In the current environment, Obama has become a political Rorshach test, onto whom partisans and pundits alike project their own aspirations, disappointments or fears. This week alone, no less than three major, contradictory narratives unfolded in the MSM and the blogosphere about what his recent actions allegedly reveal about his _ real _ intentions and views.

He's moving to the right.Beyond his switcheroo on the FISA wiretap bill, which inescapably seems a stone-cold, opportunistic move calculated to avoid the soft-on-terrorist label, Obama also was reproached from the left for an alleged shift in his stance on Iraq, and his oft-repeated promise to begin implementing a phased withdrawl upon taking office. But as Richard Wolffe of Newsweek said on NPR, the candidate is saying the same things on Iraq policy that he has throughout the campaign. Lefties crying foul seem to have ignored stated nuances of his position during the primaries, hearing only what they wished, a point underscored by other political reporters more interested in facts than ideology.
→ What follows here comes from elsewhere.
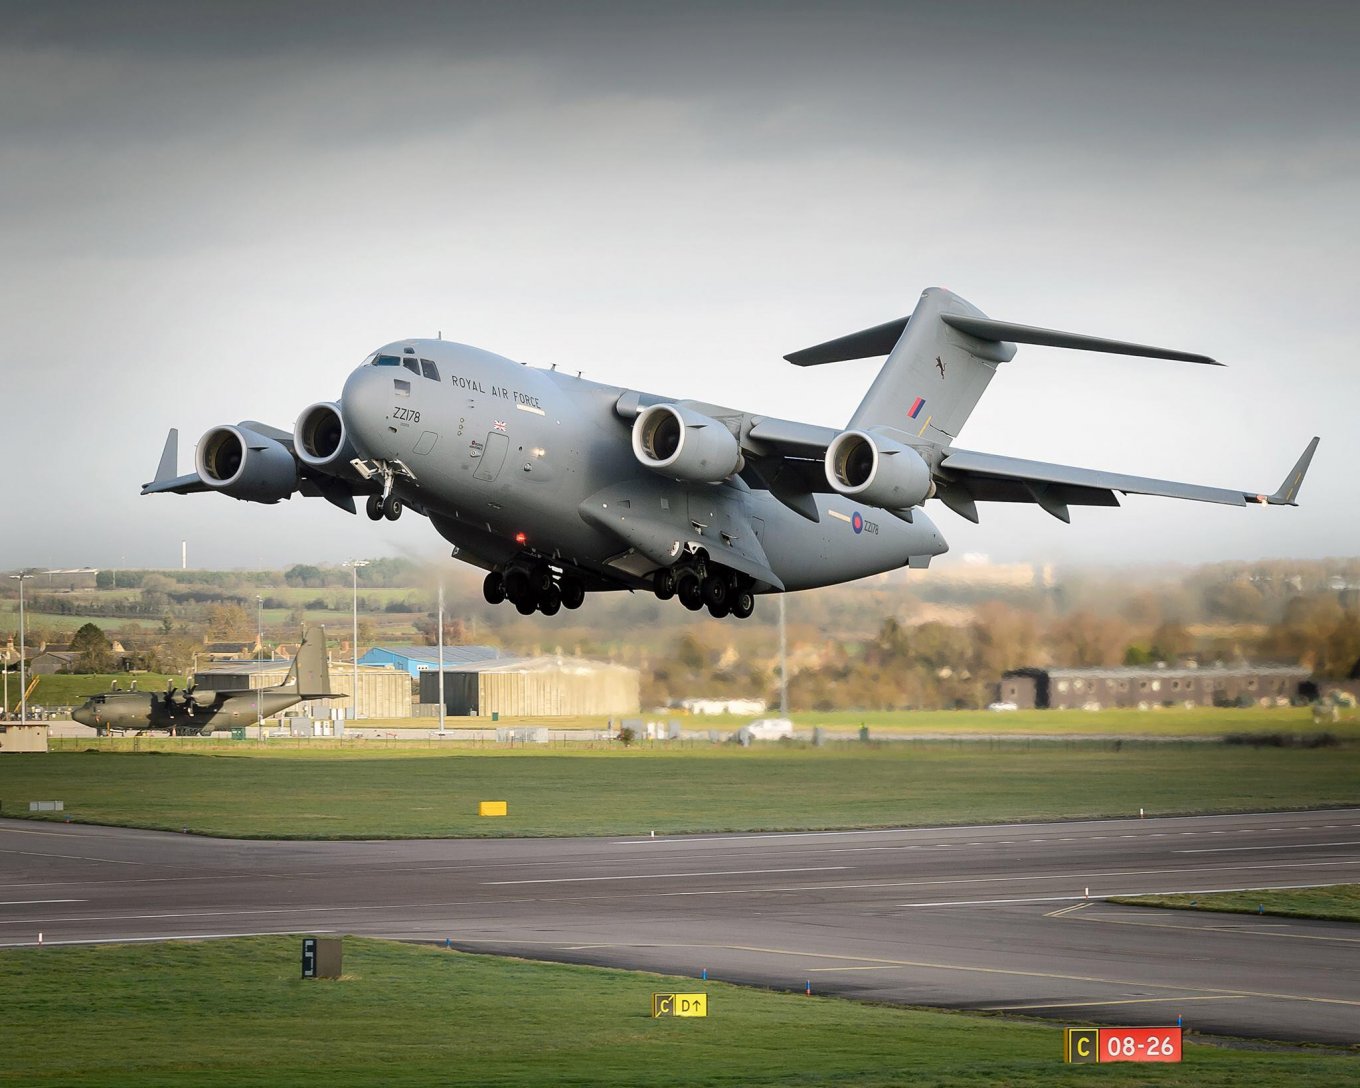 C-17 of the Royal Air Force of the United Kingdom
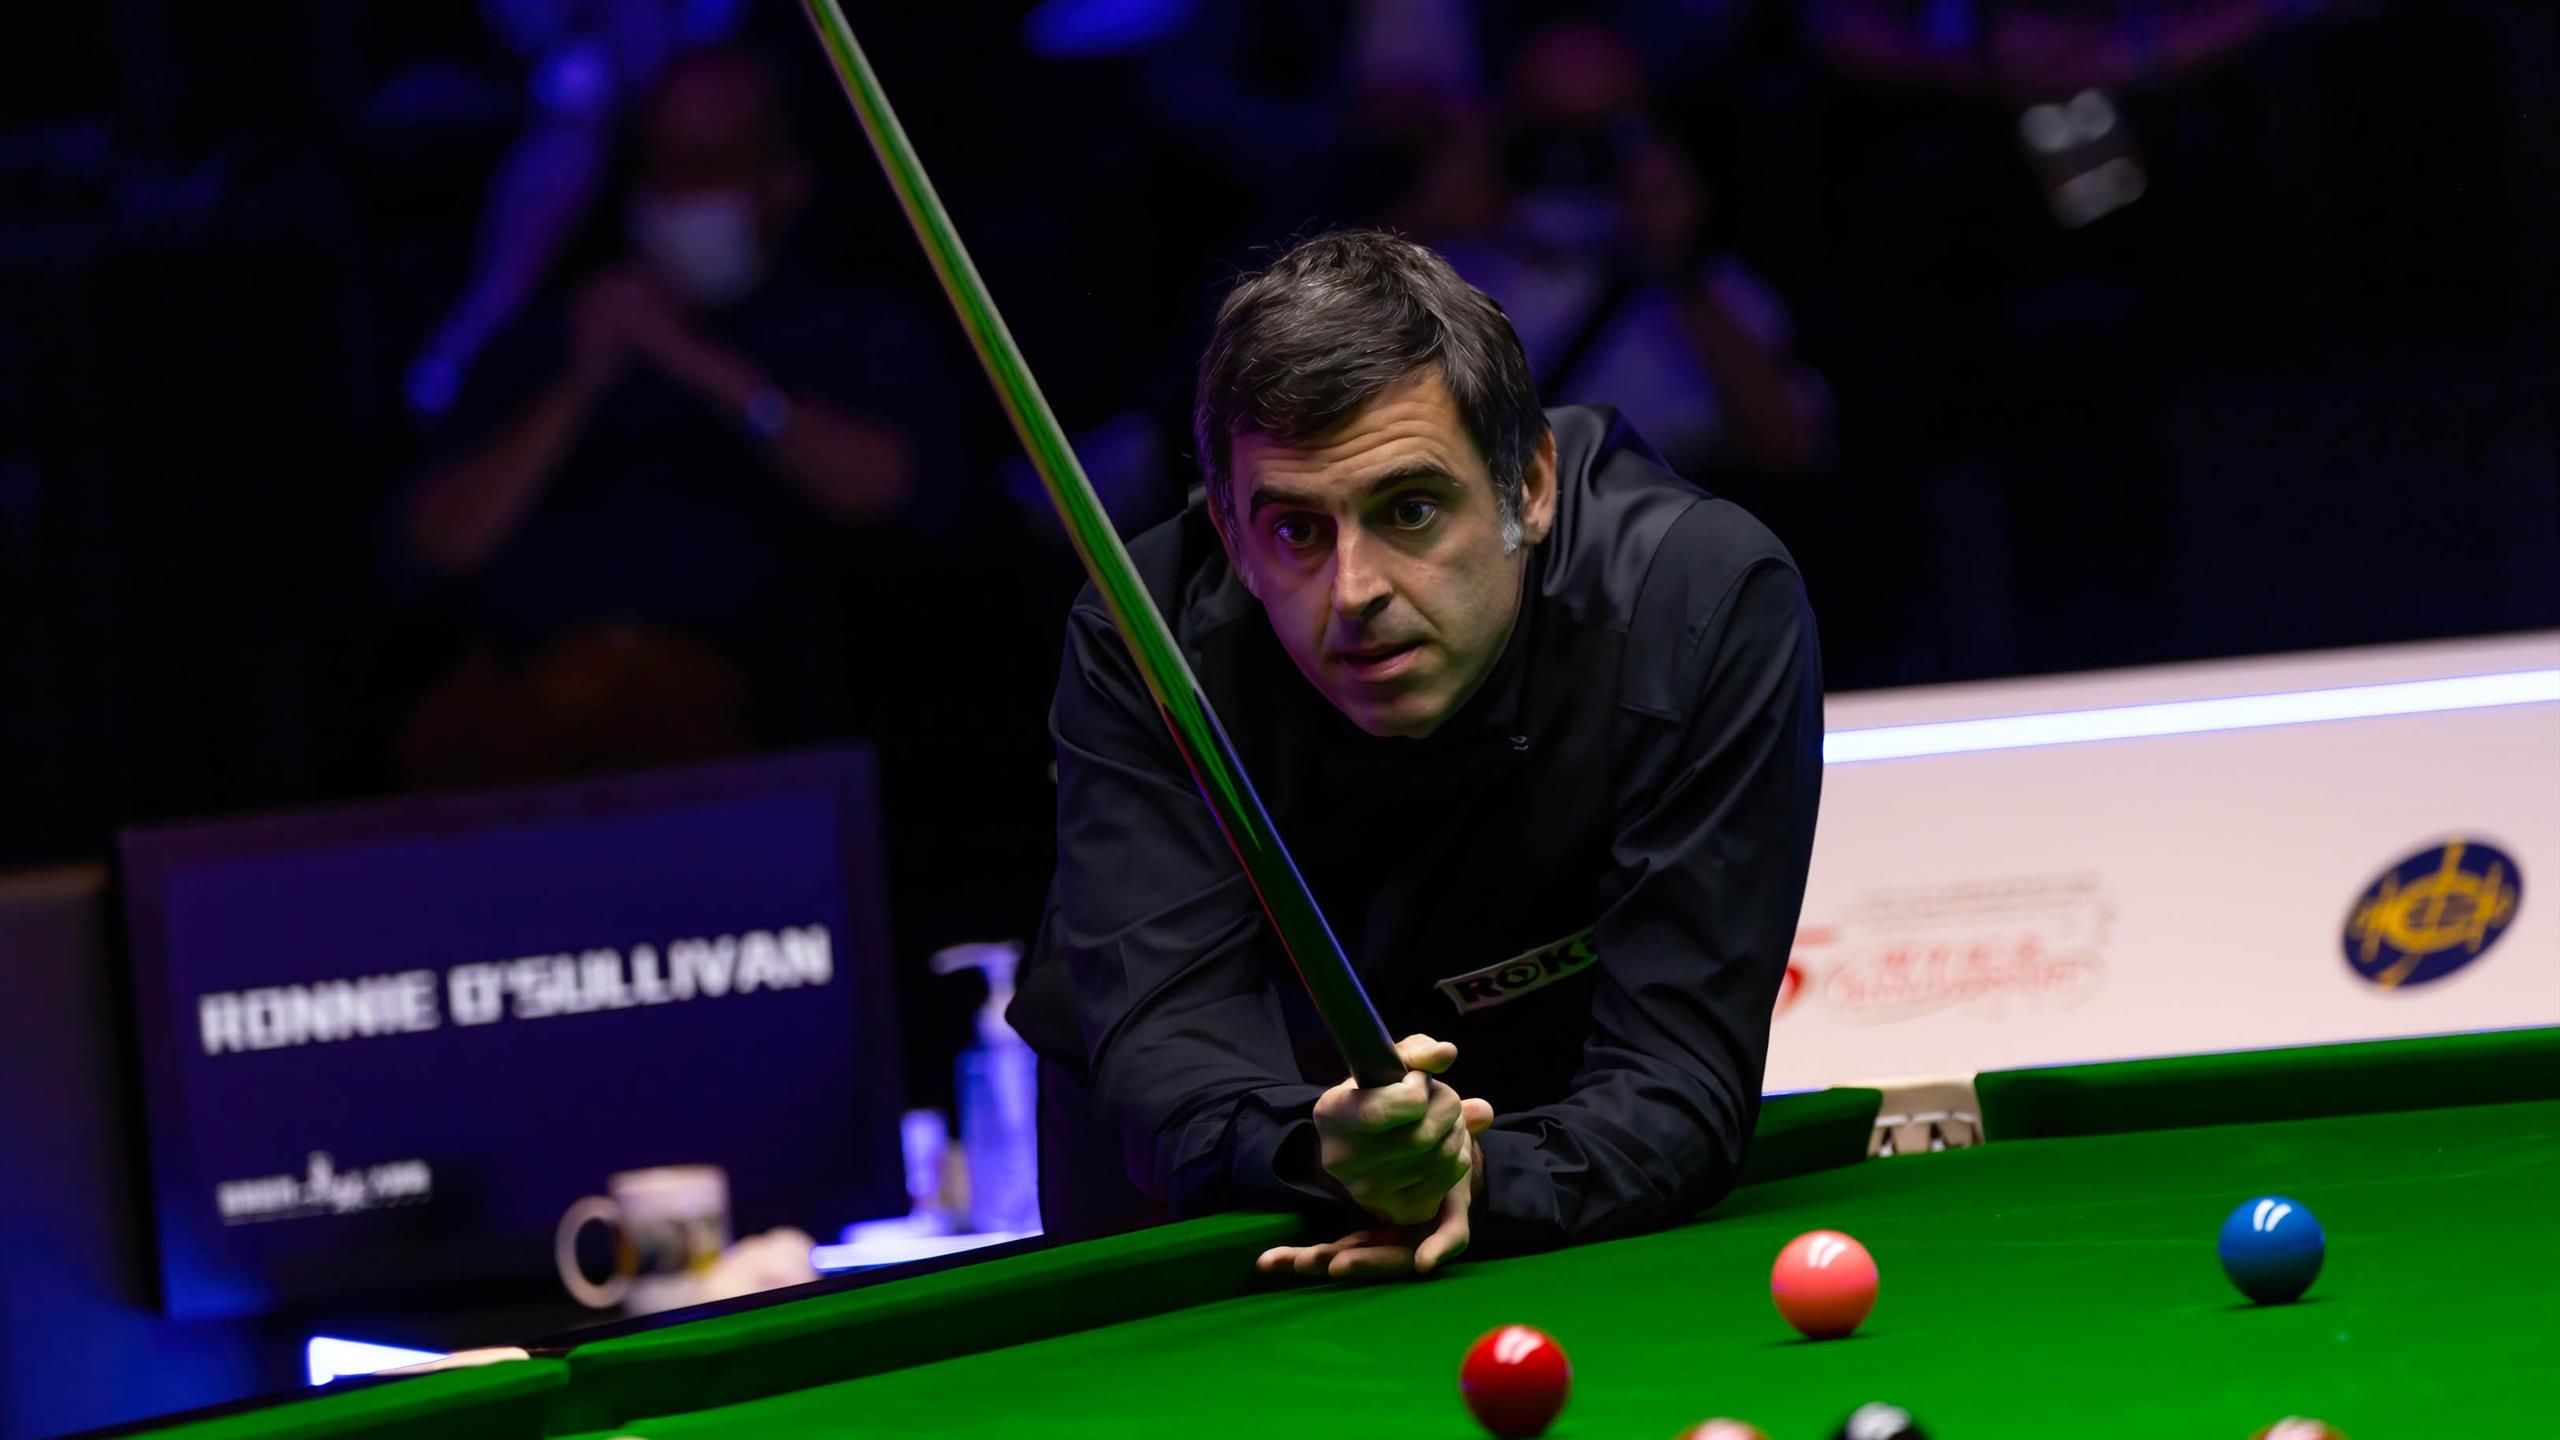 How to watch 2022 Champion of Champions, full draw, schedule as Ronnie OSullivan eyes fourth title

He's moving further left.Taking flack from portside, Obama is also getting hit from starboard, where worthies within the echo chamber of right-wing bloggers, talk radio gas bags and Fox News stalwarts seek to caricature his statements in the same way they did Al Gore's in 2000. First they baldly misstate what he says, then draw breathtakingly phony conclusions from their own misstatements. In this way, for example, conservatives distorted his recent comment that learning Spanish is a useful skill for American students into an alleged assault on the primacy of English.

He's flip-flopping.The lazy lounge chair lizards of the Fourth Estate love this story line, taking Obama to task for purported inconsistencies in his remarks on everything from the role of religious groups in delivering social services to the Supreme Court's recent handgun decision. Even Obama booster Bob Herbert of the New York Times saddled up with the media posse chasing this easy narrative.

It was left to Gail Collins, Herbert's op-ed page colleague, to bring a grown-up, thoughtful perspective to Obama's recent words and actions. In a week when the chattering class wallowed in tried and tired plot lines, bristling with this season's favorite run-with-the-pack cliches (try Googling "Obama" and "meme" or "pivot" for starters), Collins broke it down in a column aptly titled "The Audacity of Listening."

"When an extremely intelligent politician tells you over and over and over that he is tired of the take-no-prisoners politics of the last several decades, that he is going to get things done and build a "new consensus," he is trying to explain that he is all about compromise. Even if he says it in that great Baracky way."